[REQUIRED WORK] Set down, word for word, every line of the material below from the one containing "Black Walnut Wood" through the one containing "More from the", but none of its pictures.

[RECORD SET]

==============================

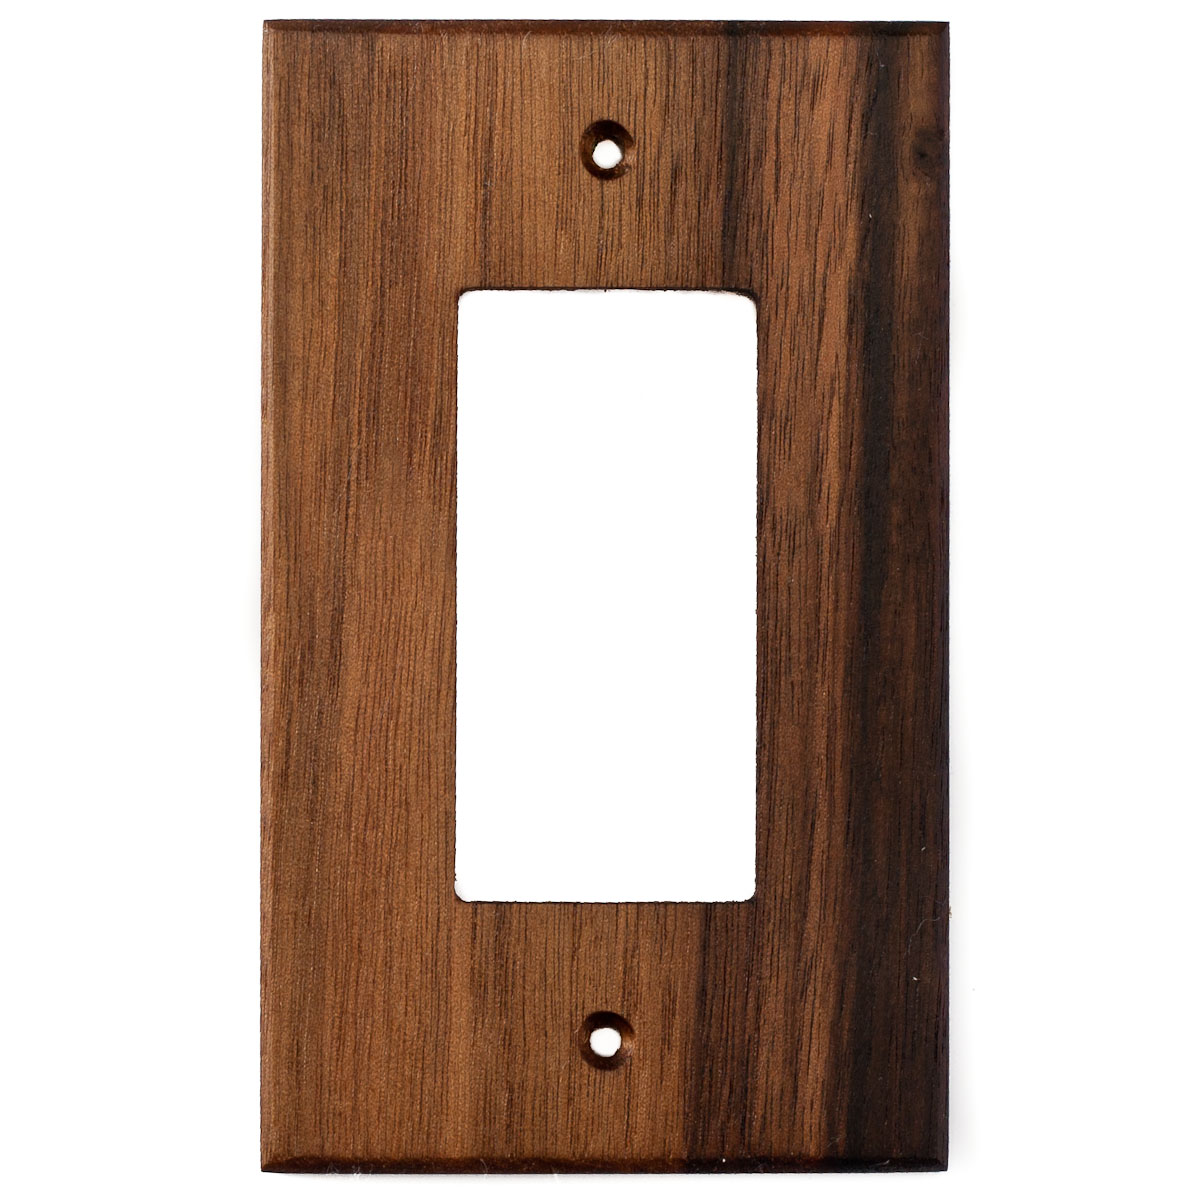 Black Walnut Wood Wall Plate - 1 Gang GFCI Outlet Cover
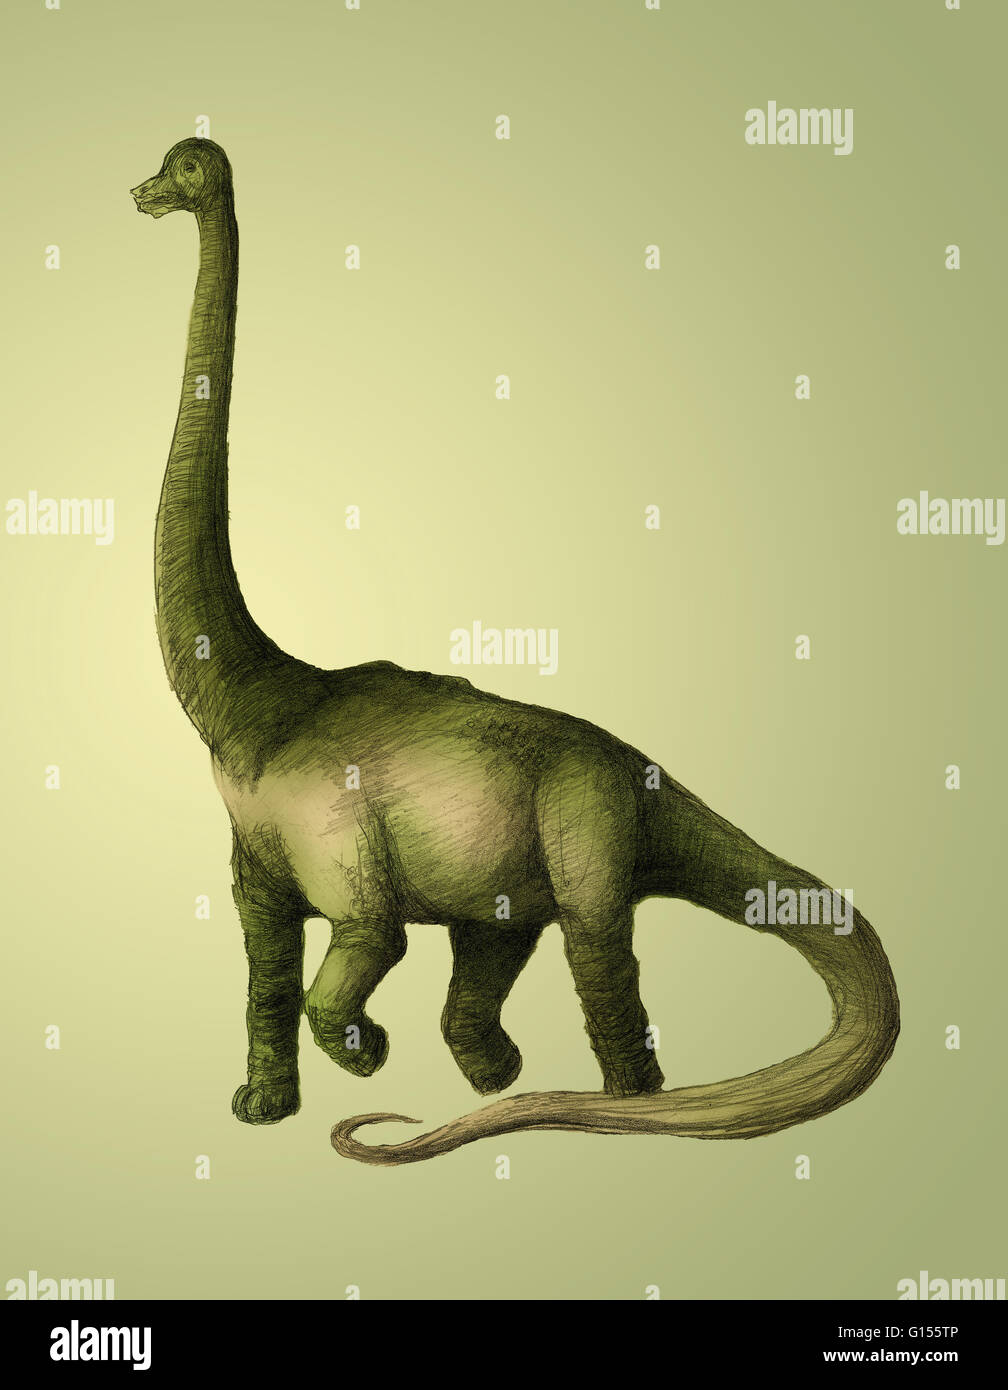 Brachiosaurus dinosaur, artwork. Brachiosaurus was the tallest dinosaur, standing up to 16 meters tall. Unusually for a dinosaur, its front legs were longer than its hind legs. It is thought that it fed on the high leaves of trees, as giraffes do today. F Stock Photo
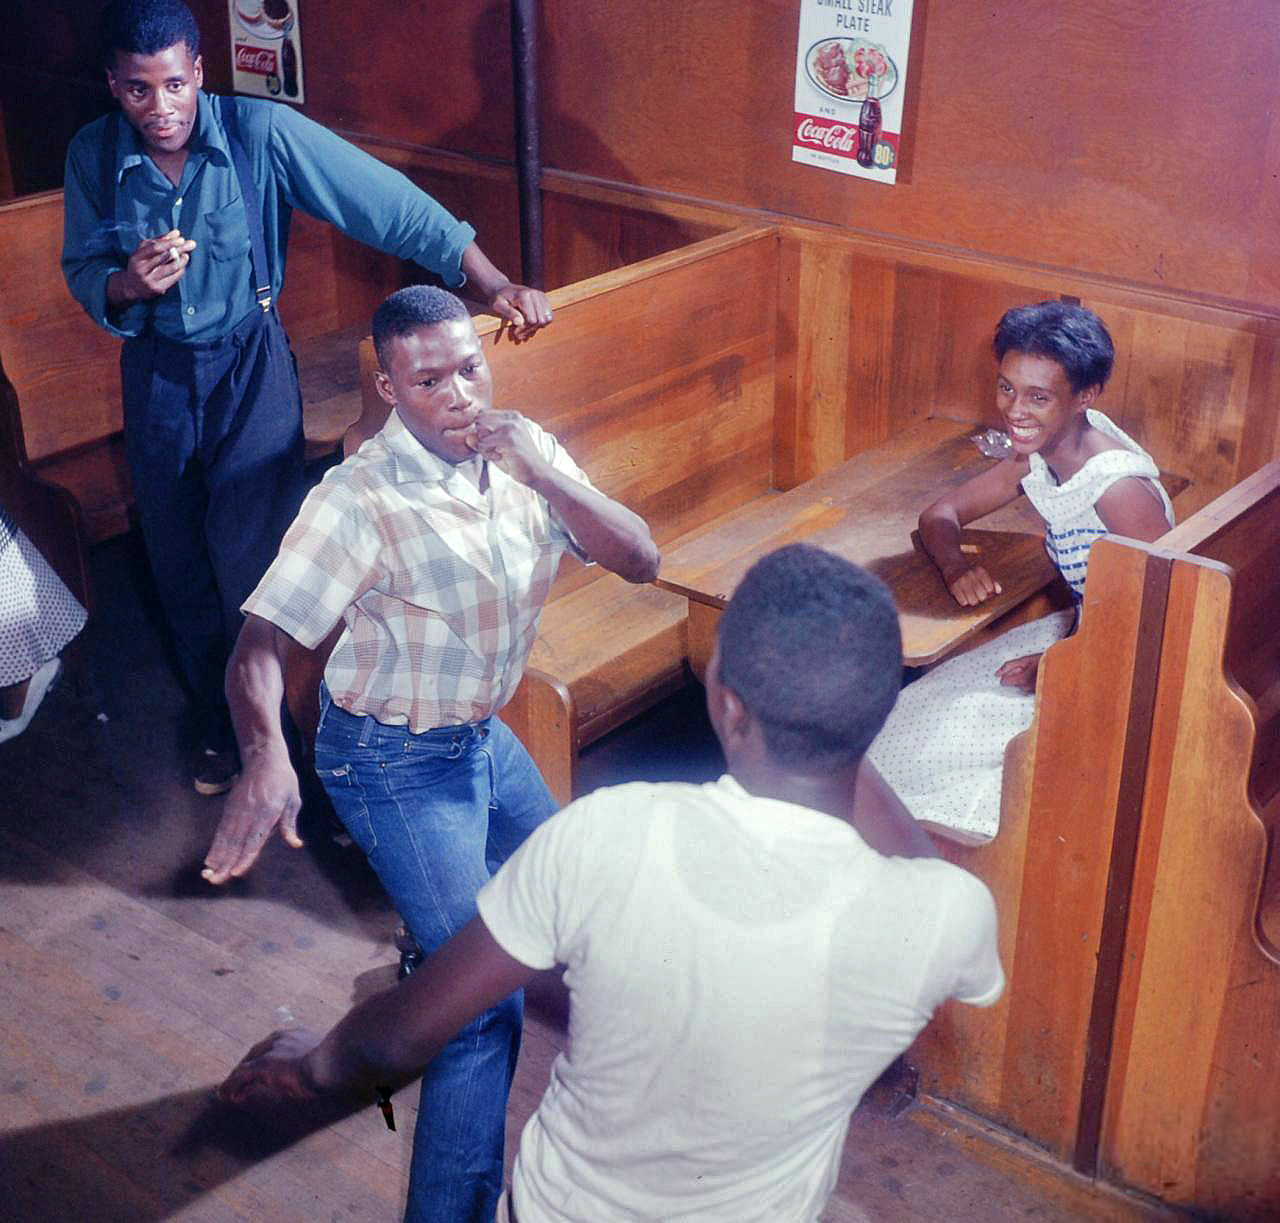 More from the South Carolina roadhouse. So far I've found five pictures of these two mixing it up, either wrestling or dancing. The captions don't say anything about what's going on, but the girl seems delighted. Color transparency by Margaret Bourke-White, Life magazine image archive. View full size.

==============================

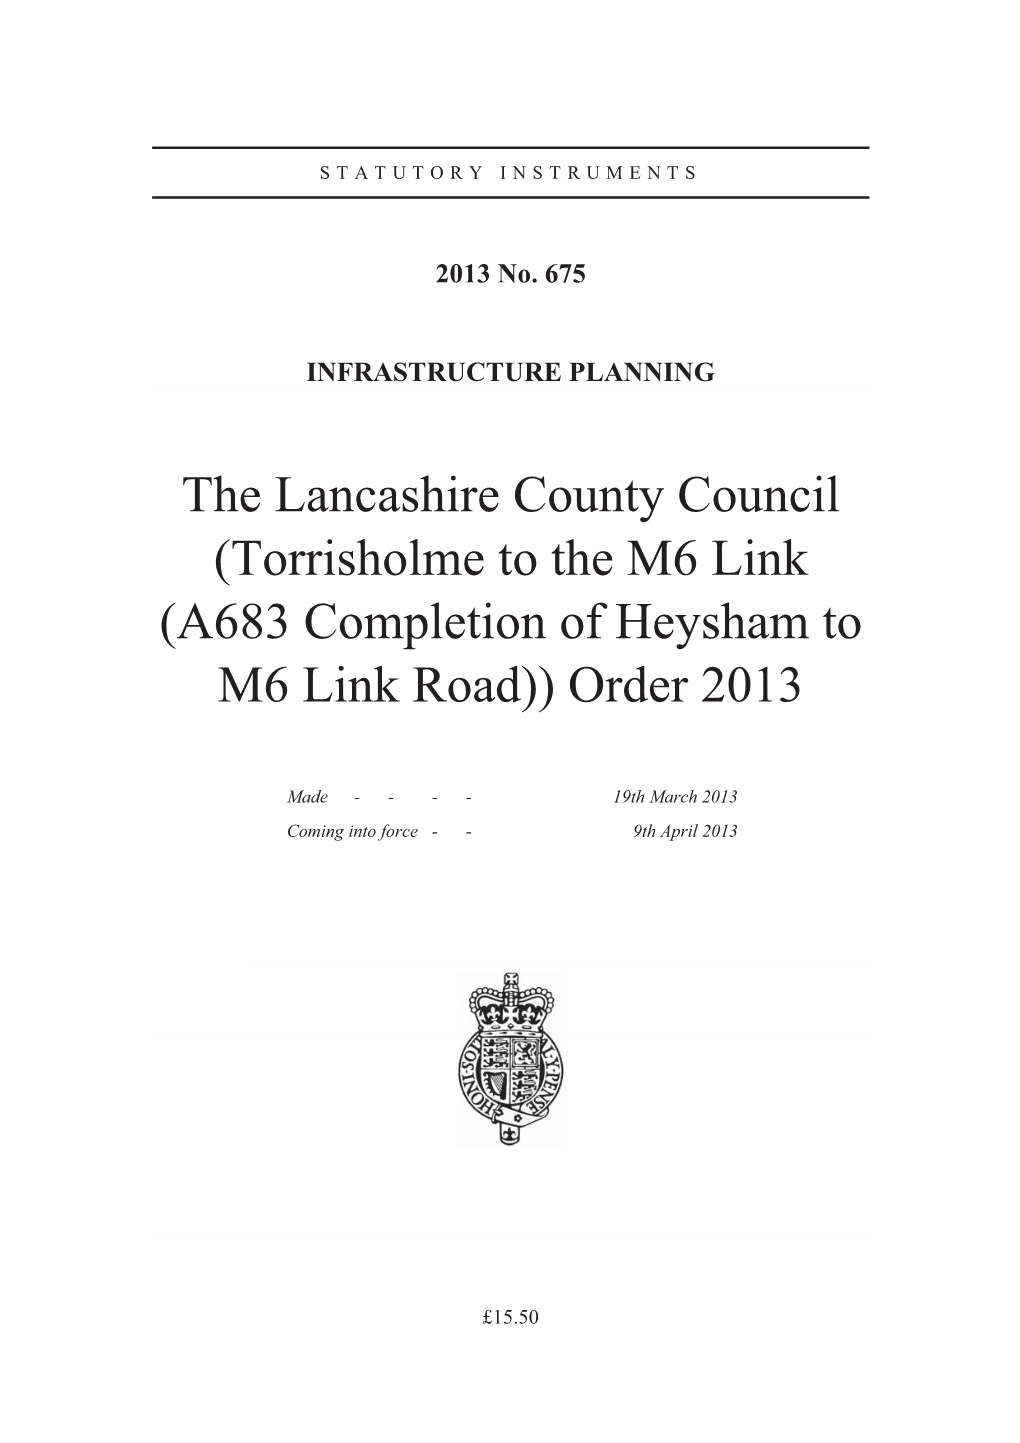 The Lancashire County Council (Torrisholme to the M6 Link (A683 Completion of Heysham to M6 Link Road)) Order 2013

==============================

[EXERCISE ANSWER]
 Black Walnut Wood Wall Plate - 1 Gang GFCI Outlet Cover
 Brachiosaurus dinosaur, artwork. Brachiosaurus was the tallest dinosaur, standing up to 16 meters tall. Unusually for a dinosaur, its front legs were longer than its hind legs. It is thought that it fed on the high leaves of trees, as giraffes do today. F Stock Photo
 More from the South Carolina roadhouse. So far I've found five pictures of these two mixing it up, either wrestling or dancing. The captions don't say anything about what's going on, but the girl seems delighted. Color transparency by Margaret Bourke-White, Life magazine image archive. View full size.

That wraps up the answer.